Satellite-based remote sensing of sulfur emissions from Kilauea volcano in Hawaii,1994. This project will use satellite-based sensing to measure carbon emissions from volcanoes.

Quantifying Volcanic Emissions
Our understanding of the deep Earth carbon cycle and its relationship to the surface carbon cycle is in its infancy. Despite estimates that 75-90% of Earth’s carbon resides in the deep Earth, we do not know how much volcanic gas flows into the hydrosphere, or whether the deep Earth is a carbon source or sink. Much of this uncertainty is due to the fact that volcanic carbon emissions have never been directly quantified on a time-integrated global scale.

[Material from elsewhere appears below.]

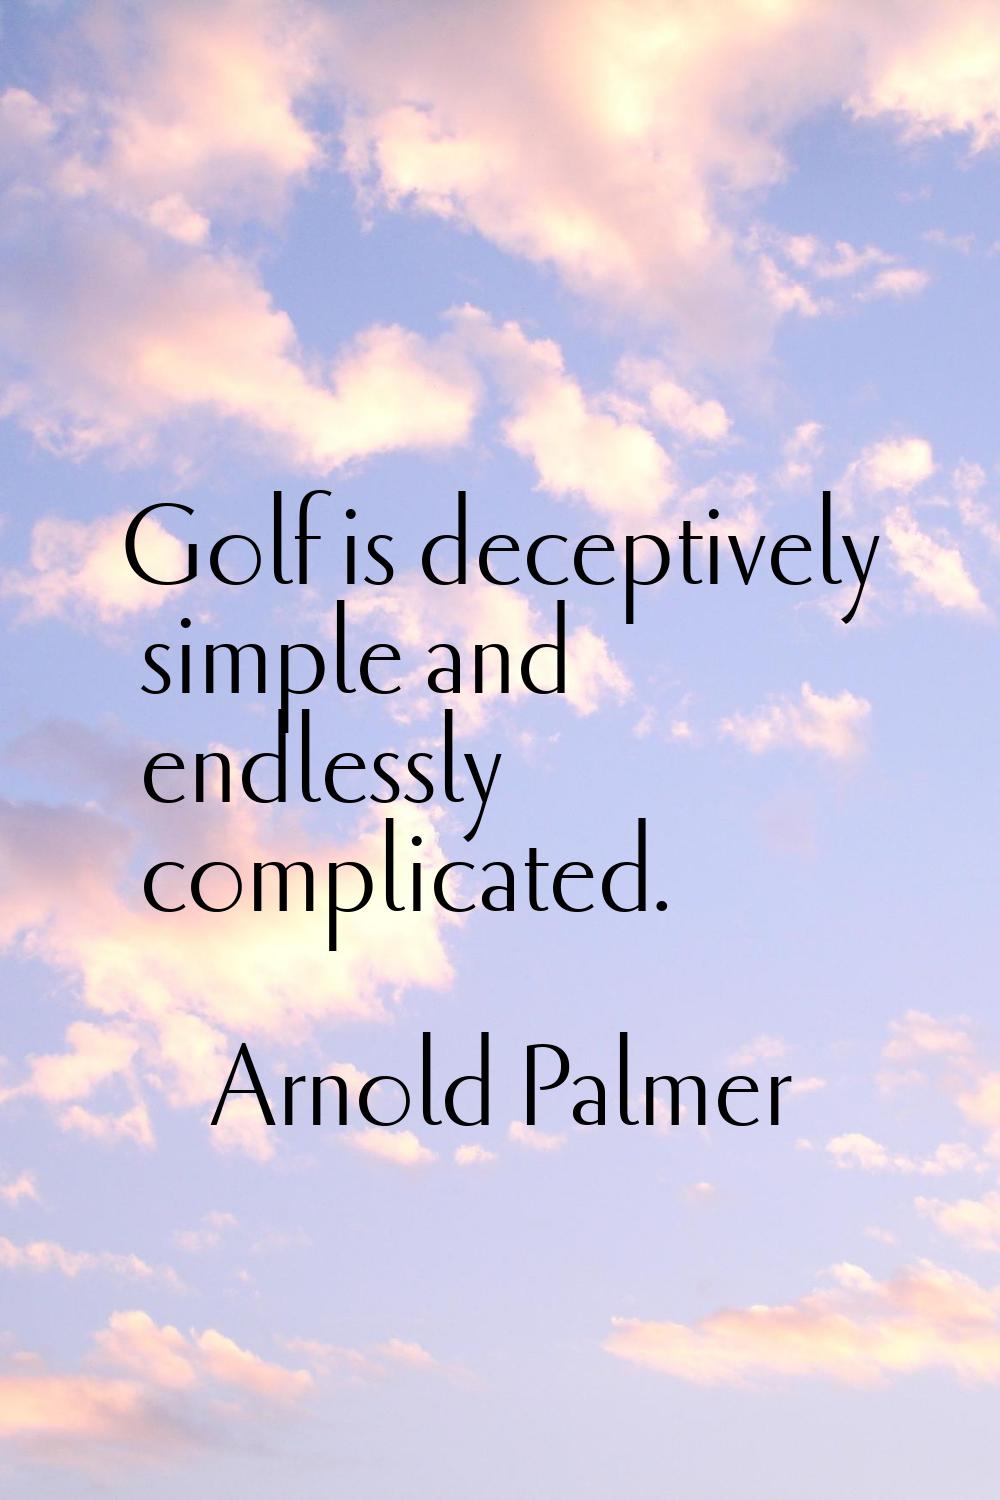 Golf is deceptively simple and endlessly complicated.

To address this, we will combine Smithsonian expertise in volcanic and atmospheric sciences to assess the potential of satellite-based sensors to remotely monitor volcanic carbon emissions. Our ultimate goal is to identify the pathways and quantify the flow of carbon from the deep Earth to the atmosphere at passively and actively erupting surface volcanoes on a global scale. Atmosphere spectra from satellites will be used to determine detection limits for volcanic carbon emissions. Based on these, we will develop research methodology for quantification of volcanic carbon emissions using data retrieved from high spatial resolution instruments to be launched between 2013 and 2016.